NJGuy - I had a similar experience. I called Cablevision to see if I could pick up a Cisco card in Randolph NJ and was told "yes". I took my NDS card to the Randolph office. They told me that my area is NDS only so I couldn't get the Cisco card . I let them swap out my NDS card - went from an older one to an 11 month old card (12/12)...Brought it home and called Cablevision to bind and was told the card was bad. No TV Friday night until Monday when I got another new NDS card. Brought it home and hooked it up. Called Cablevision to bind the card to the Tivo....and I only get a very limited set of channels. Cablevision tells me they need to send a tech to my house (which is nonsense). Overnight, the card magically started working properly.

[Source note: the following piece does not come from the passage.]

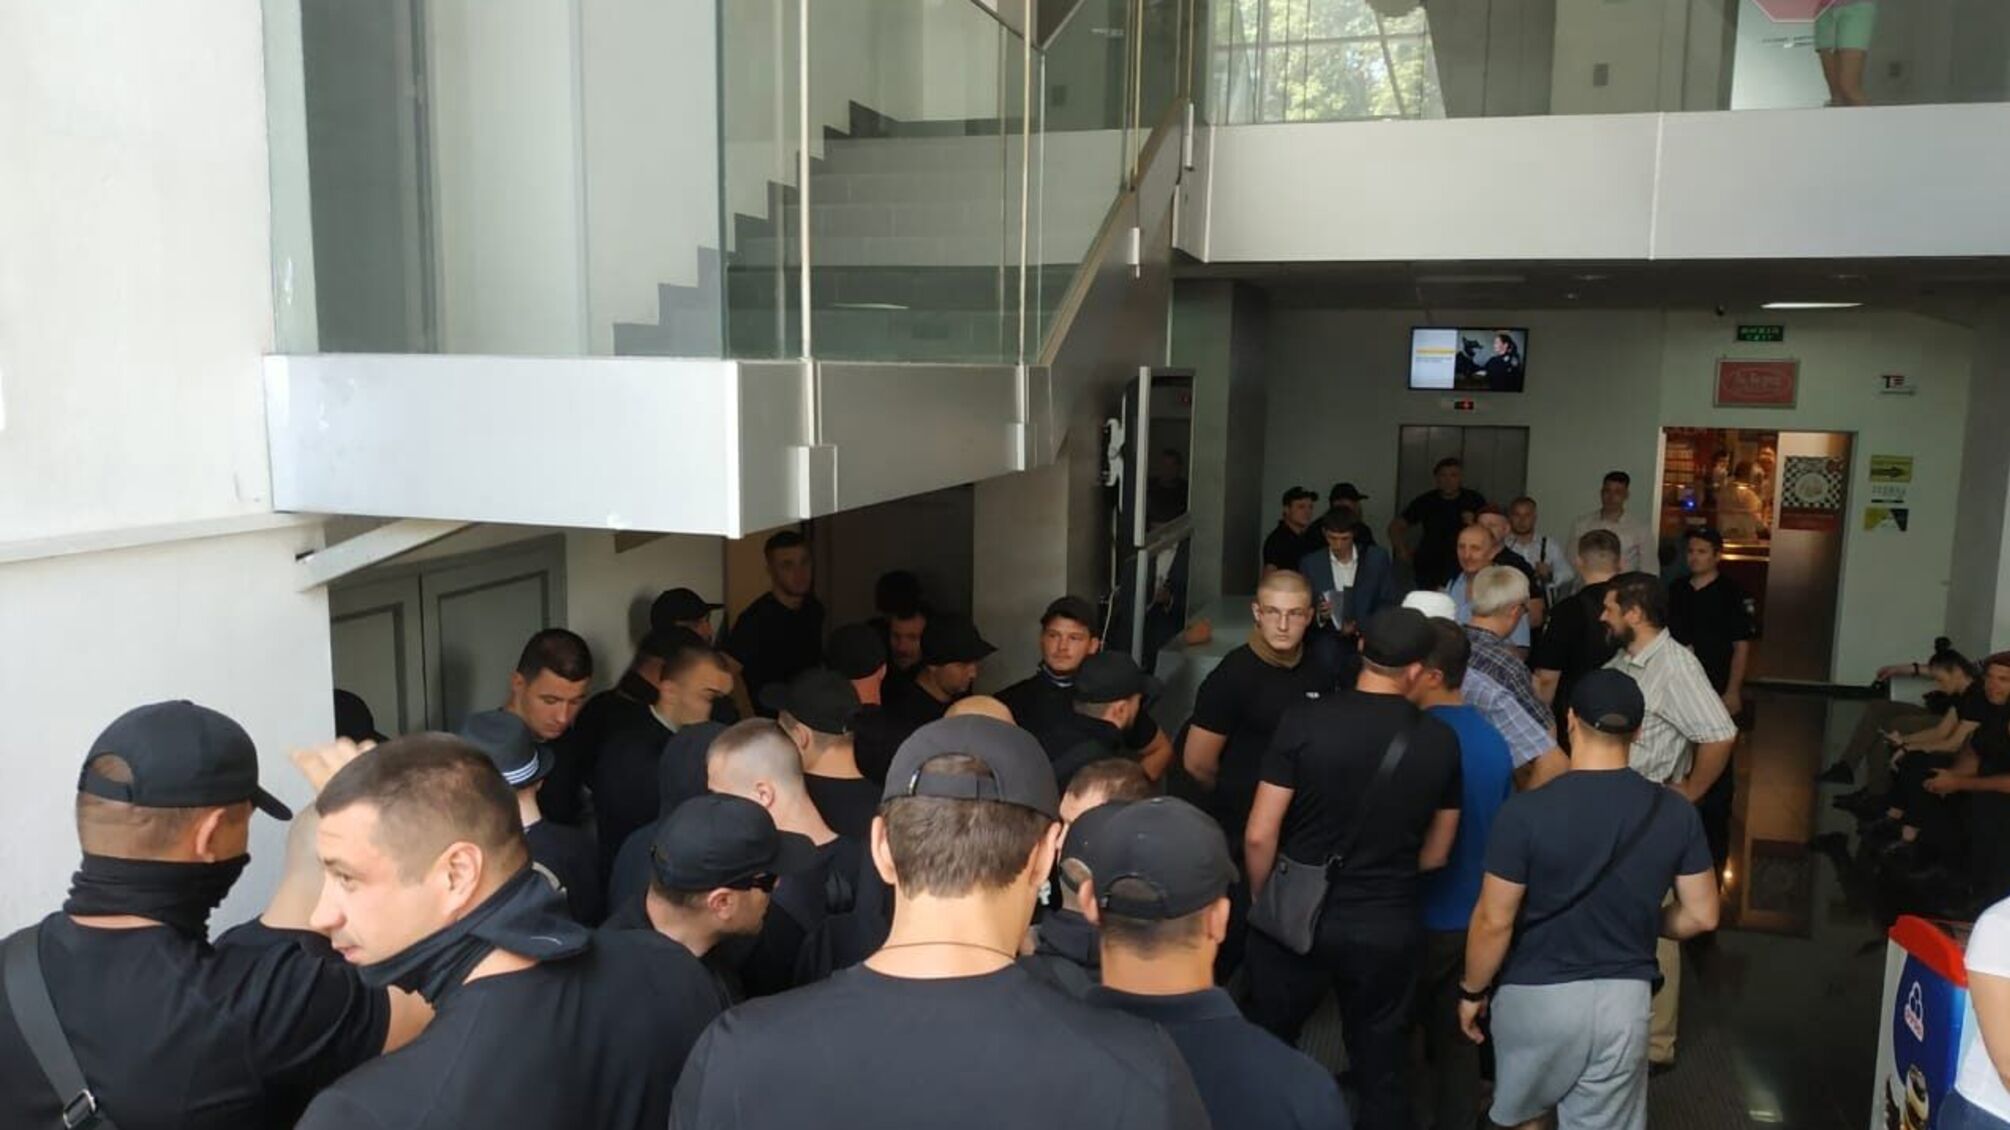 Люди олігарха Фукса захопили бізнес-центр у Києві: друга спроба рейдерства

I've set my box to use only 4 tuners. I'm angry that I need to do that as I've already run into a "no tuner available" on my mini (3 shows recording and primary TV I guess still had a tuner locked up even though it wasn't turned on.). I don't expect Cablevision to work hard to come up with a solution.


----------



## NJguy (Sep 11, 2013)

TivoQueensDad - It's not ideal is it! I see you have a pro and mini with lifetime. I've yet to pay for my lifetime. It is so frustrating this would happen and it seems Tivo and Cablevision are just letting it go as not that big a deal.


----------